- England / New Zealand
- Dates: 10 – 25 May 2026
- Captains: Charlie Dean / Amelia Kerr

One Day International series
- Results: 3-match series drawn 1–1
- Most runs: Maia Bouchier (59) / Maddy Green (125)
- Most wickets: Lauren Bell (5) / Rosemary Mair (5)
- Player of the series: Maddy Green (NZ)

Twenty20 International series
- Results: England won the 3-match series 2–1
- Most runs: Alice Capsey (99) / Sophie Devine (132)
- Most wickets: Linsey Smith (6) / Bree Illing (4)
- Player of the series: Linsey Smith (Eng)

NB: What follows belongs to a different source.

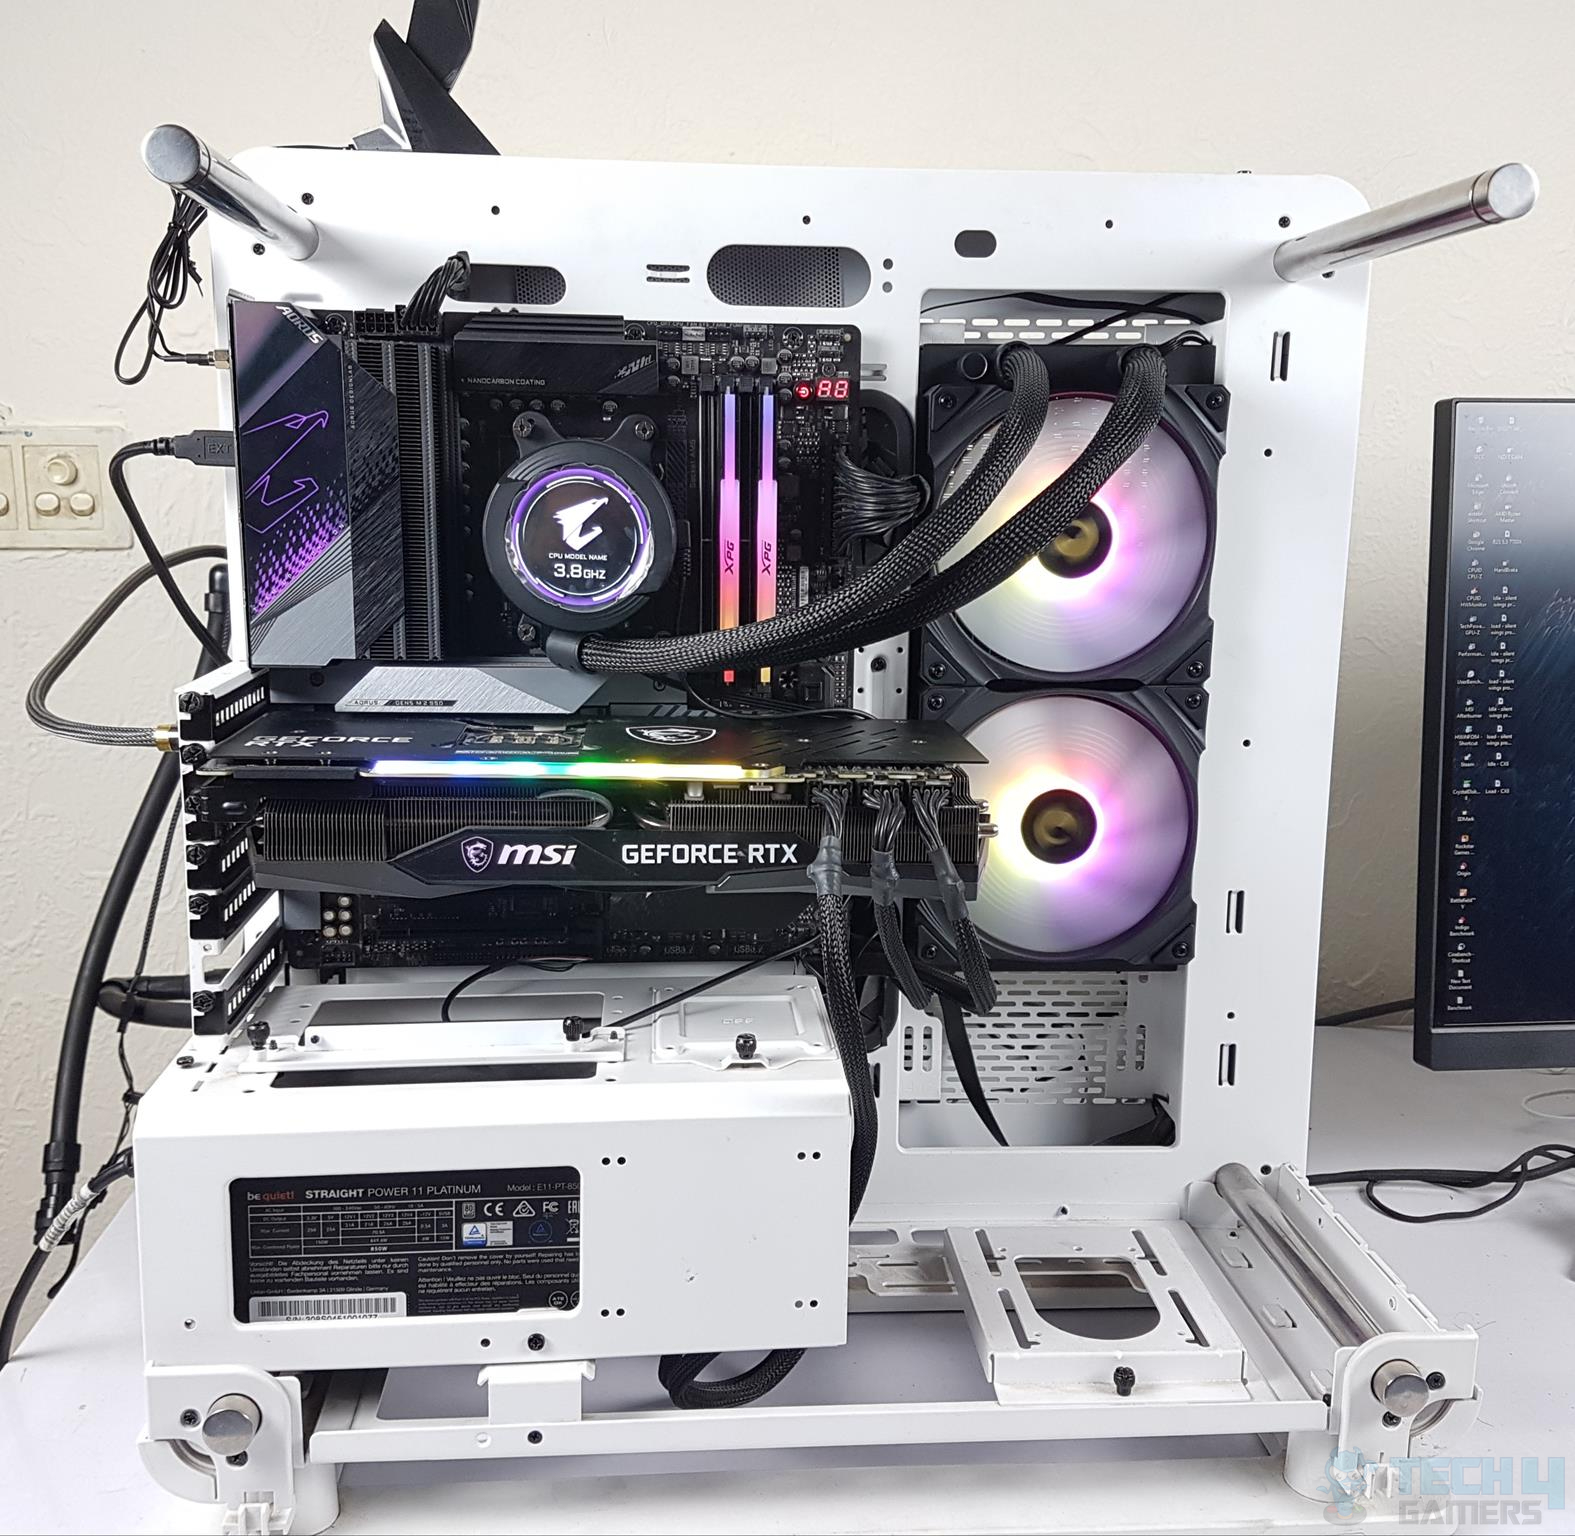 AORUS WATERFORCE X 280 The complete testing rig in all its glory

= New Zealand women's cricket team in England in 2026 =

International cricket tour

The New Zealand women's cricket team toured England in May 2026 to play the England women's cricket team. The tour consisted of three One Day International (ODI) and three Twenty20 International (T20I) matches. The ODI series formed part of the 2025–2029 ICC Women's Championship. The T20I series served as preparation for both teams ahead of the 2026 Women's T20 World Cup. In July 2025, the England and Wales Cricket Board (ECB) confirmed the fixtures for the tour, as a part of the 2026 home international season.

==Squads==

| England |  | New Zealand |  |
|---|---|---|---|
| ODIs | T20Is | ODIs | T20Is |
| Charlie Dean (c); Nat Sciver-Brunt (c); Emily Arlott; Lauren Bell; Maia Bouchier; Alice Capsey; Kira Chathli; Tilly Corteen-Coleman; Sophie Ecclestone; Lauren Filer; Mahika Gaur; Dani Gibson; Jodi Grewcock; Amy Jones (wk); Freya Kemp; Heather Knight; Emma Lamb; Charis Pavely; Linsey Smith; Alexa Stonehouse; Issy Wong; | Charlie Dean (c); Nat Sciver-Brunt (c); Lauren Bell; Maia Bouchier; Alice Capsey; Tilly Corteen-Coleman; Sophia Dunkley; Sophie Ecclestone; Lauren Filer; Dani Gibson; Amy Jones (wk); Freya Kemp; Heather Knight; Charis Pavely; Linsey Smith; Issy Wong; Danni Wyatt-Hodge; | Amelia Kerr (c); Suzie Bates; Flora Devonshire; Izzy Gaze (wk); Maddy Green; Brooke Halliday; Bree Illing; Polly Inglis (wk); Jess Kerr; Emma McLeod; Rosemary Mair; Nensi Patel; Molly Penfold; Georgia Plimmer; Izzy Sharp (wk); | Amelia Kerr (c); Suzie Bates; Sophie Devine; Flora Devonshire; Izzy Gaze (wk); Maddy Green; Brooke Halliday; Bree Illing; Polly Inglis (wk); Jess Kerr; Rosemary Mair; Nensi Patel; Georgia Plimmer; Izzy Sharp (wk); Lea Tahuhu; |

On 3 May 2026, Nat Sciver-Brunt was ruled out of the ODI series due to a calf injury. Charlie Dean, who was previously rested for the ODI series, was recalled to the squad and named captain, whilst Maia Bouchier was added as cover. On 8 May 2026, Mahika Gaur was ruled out of the ODI series due to a foot fracture. On 10 May 2026, Em Arlott was ruled out of the ODI series due to concussion with Alexa Stonehouse added as cover.

On 19 May 2026, Nat Sciver-Brunt was ruled out of the T20I series for ongoing rehabilitation, whilst Danni Wyatt-Hodge was ruled out to await the birth of her first child. Maia Bouchier and Charis Pavely were both added as cover.